View Single Post
Old 04-21-2006, 08:11 PM   #130
DonathinFrye
Senior Member
 
Join Date: Dec 2005
Name: Donathin Frye
Location: Columbus, OH
Home MUD: Optional Realities
Home MUD: Atonement RPI
Home MUD: Project Redshift
Posts: 510
DonathinFrye is on a distinguished road
Send a message via AIM to DonathinFrye

I think that is what the whole debate comes down to. Yes, there is certainly creativity when designing a script, but there's nothing stopping the sharing of scripts which runs rampant on PvP MUDs that make it easy for scripting to play a major role in combat. The last two MUDs whose combat systems I've worked on designing both took measures to make combat scripting nearly useless(or nearly impossible) without altering the focus or quality of the combat gameplay. Utopia, which I have mentioned before was one of these MUDs - and a Survival Horror based combat MUD that I'm working on now uses an ascii map/co-ordinate system that would make scripting extremely difficult(and not particularly helpful) for combat itself.

If you want the focus of your MUD to be combat(and player-versus-player combat in particular), forcing the player to take immediate and split-second responsibility for each of his combat choices ups the stakes(and rush). Encouraging or allowing combat scripts in a combat focused MUD to become prevalent means one or two things;

A) You didn't automate something in combat that you could have in design.

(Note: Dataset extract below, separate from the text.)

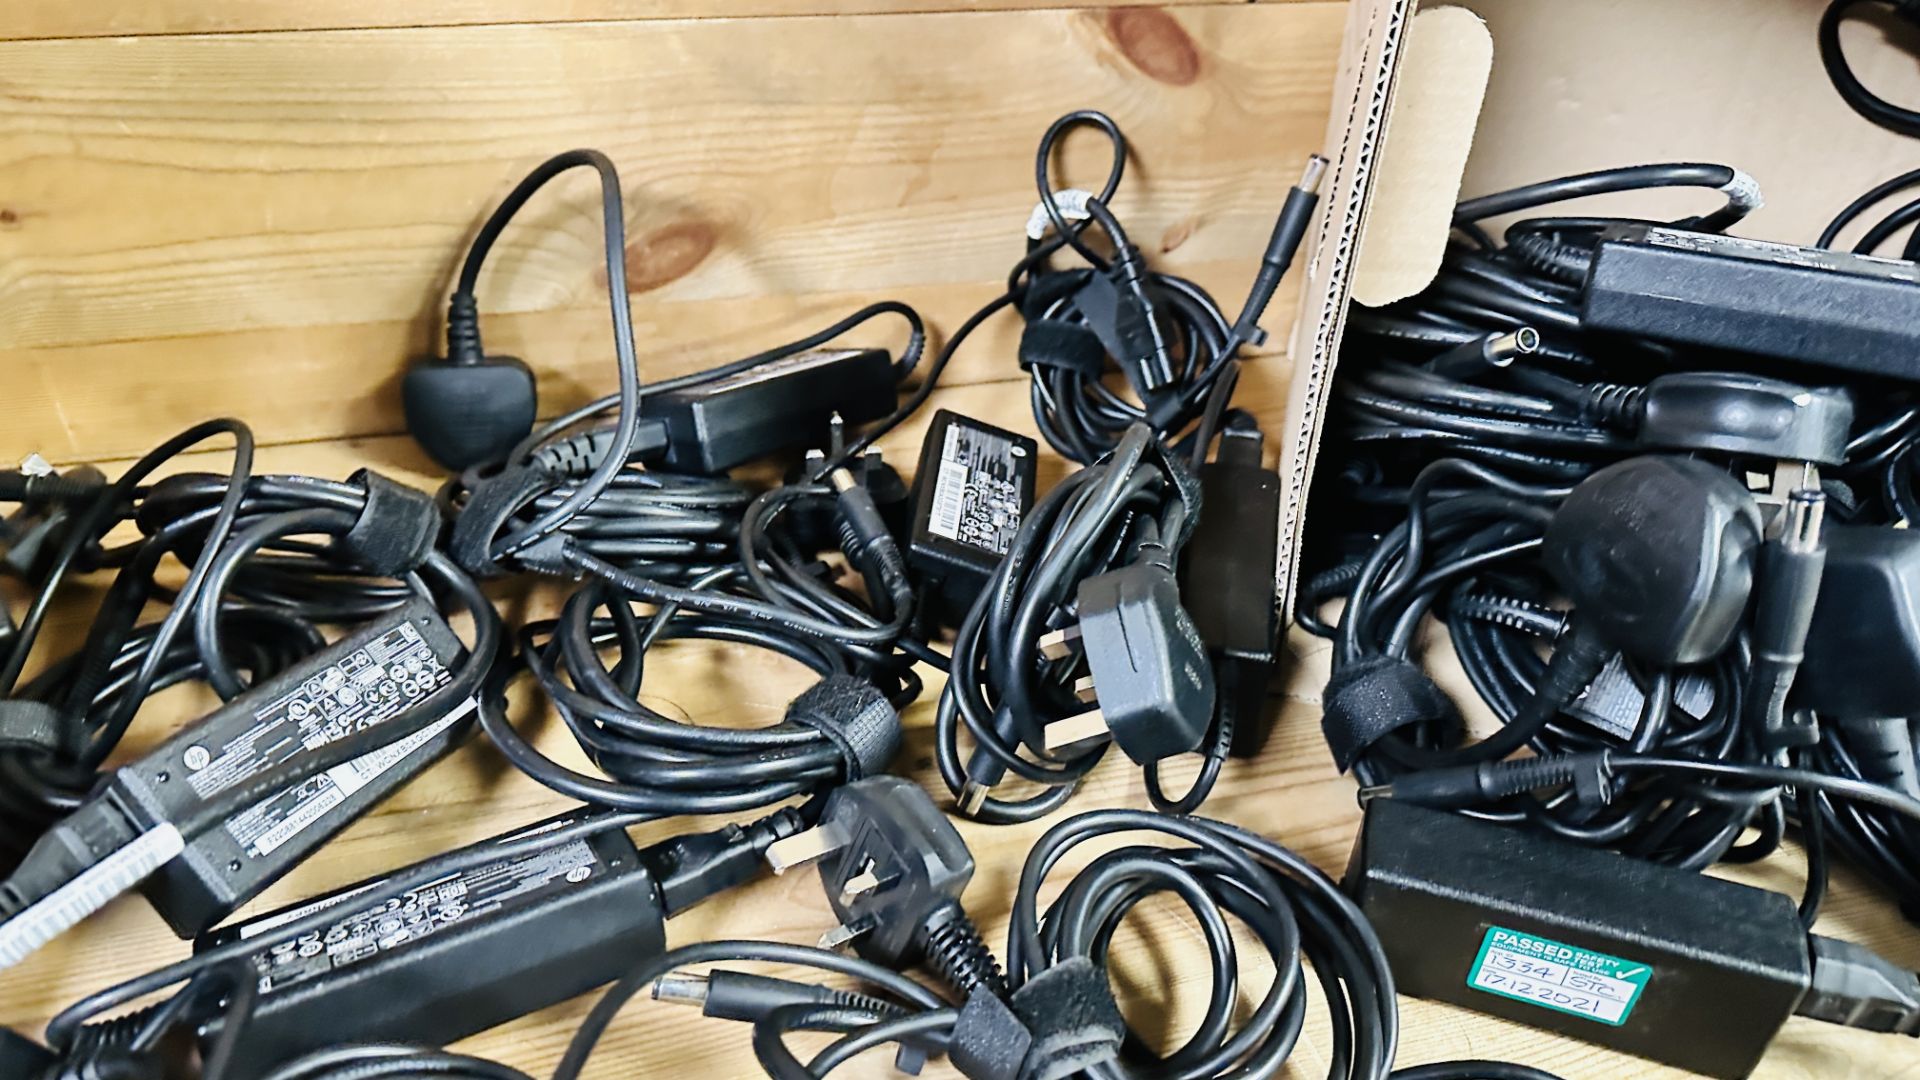 36 X LAPTOP CHARGERS FOR HP LAPTOPS MANY HP 65W EXAMPLES - SOLD AS SEEN. - Image 6 of 9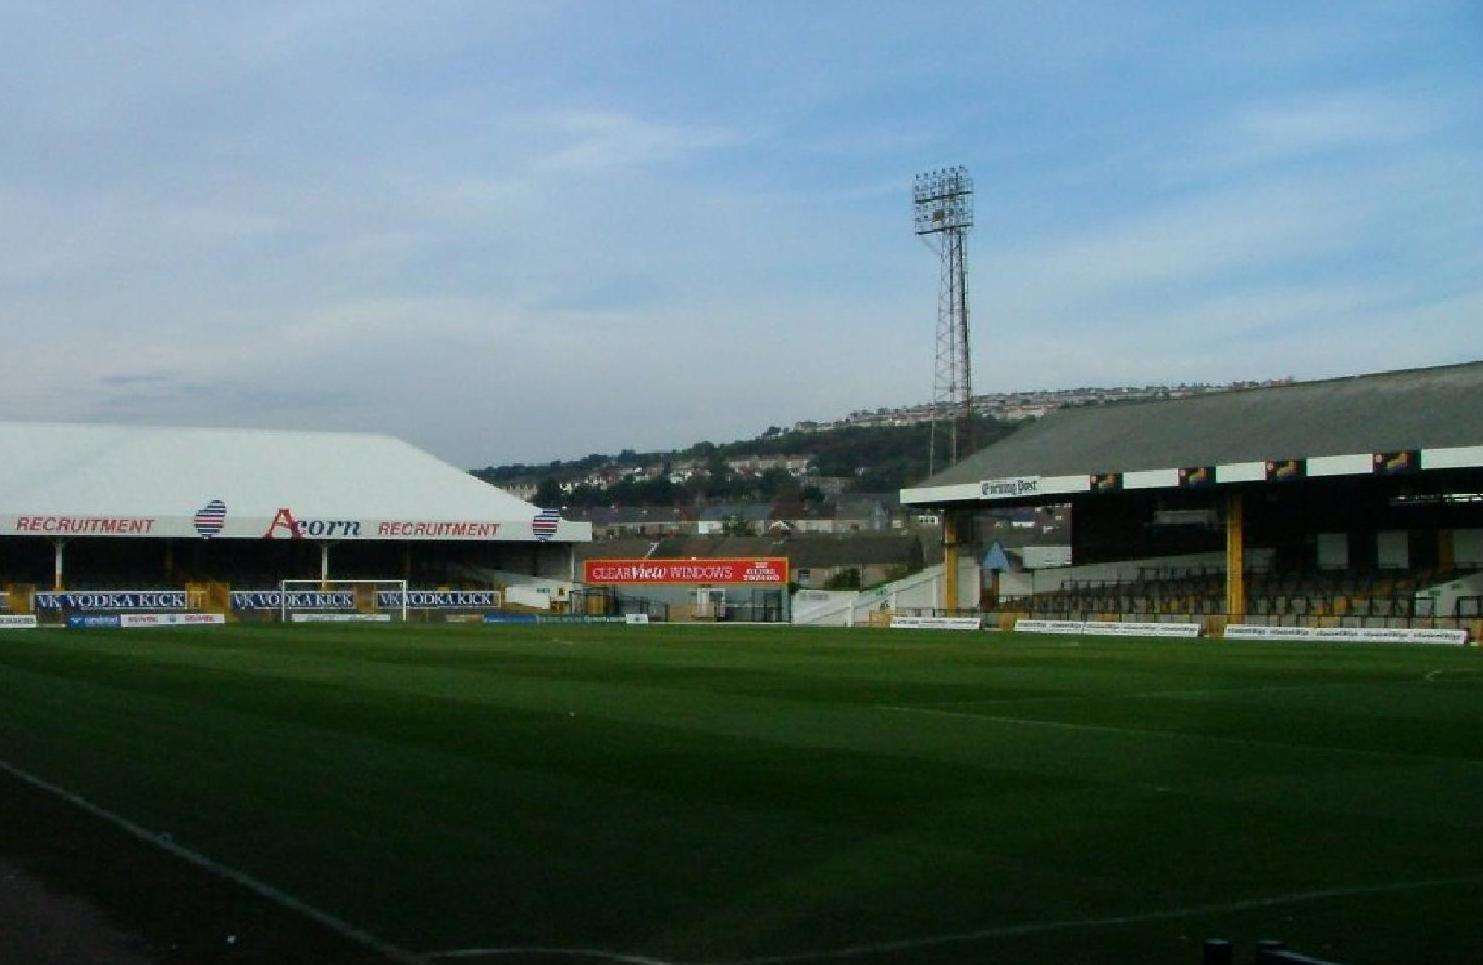 Swansea City's old Vetch Field ground where Steve Lovell watched football as a kid

B) Your system's reliance on reflexes does not take into scripting into account in its implementation of reflex-aided combat, and therefor the reliance on reflexes actually works as a hinderance to player-versus-player combat.


Like KaVir and I've said, though, it all comes down to design. It makes sense for a combat-focused rpg to want to reduce the benefits of scripting, as it takes the responsibility of combatting other players out of the user's immediate hands and allows a computer program to do some of the work.

However, it makes sense for a game that wants to attract hack 'n slashers and RPers who are still interested in game combat to allow a system that makes them happy. That may, or may not, depending on the rest of the model, include a script-favoring system... like IRE's. There's nothing wrong with that, it just means that the two designs have different goals.